Nights #1 Review

Written by: Wyatt Kennedy

Art by: Luigi Formisano

Coloring by: Francesco Segala, Gloria Martinelli

Lettering by: Maria Letizia Mirabella

Editing by: Alana Fox

Have you ever read a book and had it feel more mature than you? That’s how it felt reading Nights #1. In my pursuit to continue diversifying my taste in comics outside of the Big Two, I’ve picked up an urban fantasy book that’s not like many others. While a vampire is a central character, this isn’t another These Savage Shores. Don’t expect any vampires to be allegories for something complex and old like imperialism, at least in this first issue. Rather, this story is about a kid who has a very inappropriate crush on a vampire. A vampire who happens to be roommates with his serial killer cousin/guardian, and a skeletal ghost who we haven’t gotten to yet.

The creative team is doing something more modern and mature with its fabled monsters. Ghosts are actively trying to figure out how to finish their unfinished business so they die a second time. The vampires are out and about but feel properly unadjusted. Most importantly, humans can feel far more monstrous than any monster.

Another way in which Nights #1 feels more mature is how the high schooler protagonist is framed in the presence of his vampire buddy. Everyone knows the trope of a vampire falling in love with a high schooler. While the vampire in this book doesn’t seem to have romantic feelings, the way she speaks and coerces him into committing crimes and her general vibe feel… predatory. Rather than have its vampire be the kind of predator who hunts and stalks prey like a wolf, the vampire in Nights #1 hunts and stalks like a predator you’ve met at a college party. She endears herself to people she has years of experience over and acts like she’s younger than she is. She appears cool and aloof in a way that would make any high school boy think she’s cool… but something is unsettling with how close and touchy she can be.

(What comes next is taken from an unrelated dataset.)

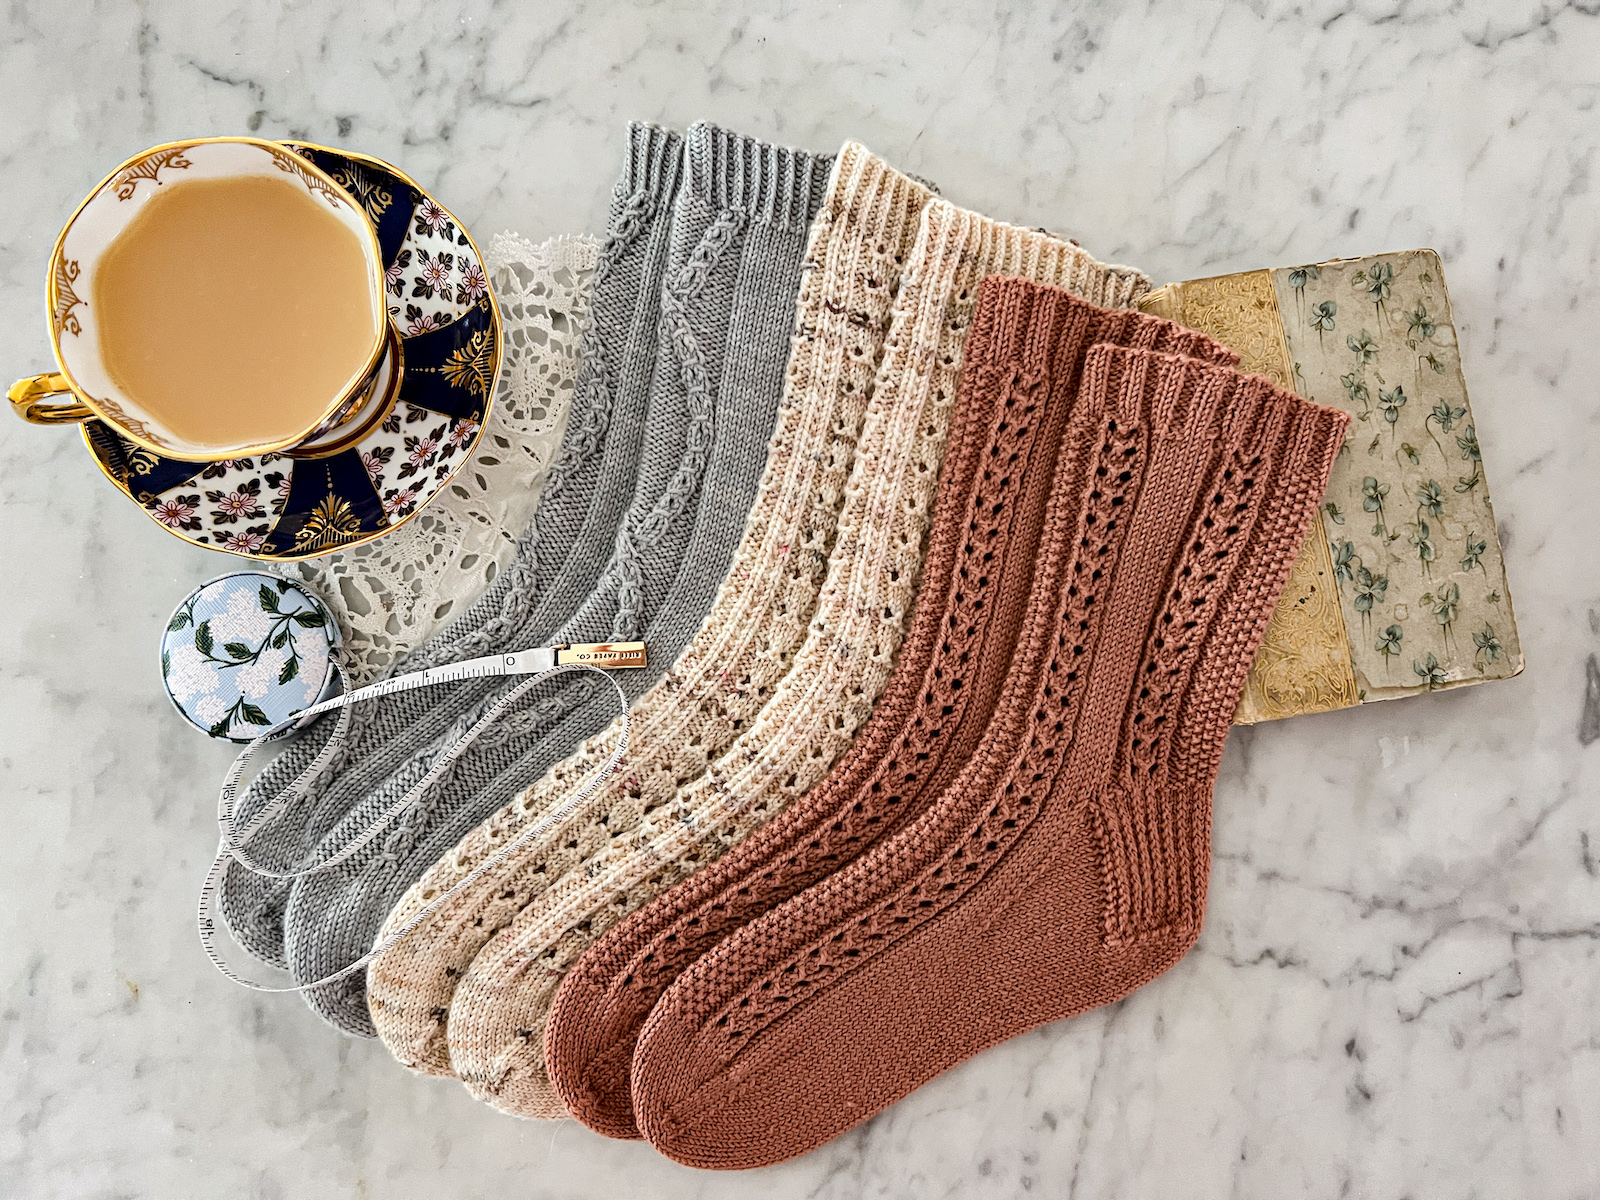 Three pairs of pastel handknit socks are laid out on a white marble countertop next to a teacup full of milky tea and an antique book. A little tape measure is spooled out across their toes.

This is where I kind of feel that the book was more mature than me because I was falling for her tricks. I had the experience to realize that I shouldn’t be, but at the same time, I was second-guessing myself. The book feels so clever, like it’s wrapping a blanket around me only to block my peripheral so I don’t see the traps ahead. Hell, they may not even be there, I could be reading into things.

I just really think the dynamic between the protagonist and the vampire feels like an intentional choice. This is partially because vampires are notorious for being social predators, but there’s also something else. The art of Nights #1 does this very subtle and incredibly skillful thing, where her smile doesn’t quite reach her eyes when she’s with the protagonist. I could be reading into and imposing my own biases on the story more than I should, but it’s interesting. It’s not a dynamic that’s often investigated in the media, nor is it framed in such a cynical view. It feels more honest depiction of this classic dynamic than we usually read. The urban fantasy environment just makes it all the more interesting.

Thank You For Reading! Read Nights #1 Yourself!

Maybe I’m crazy, maybe the book isn’t half as deep or intriguing as I think, but I know that I’m definitely waiting for the next issue to drop with great anticipation, and I heavily suggest that everyone else does too.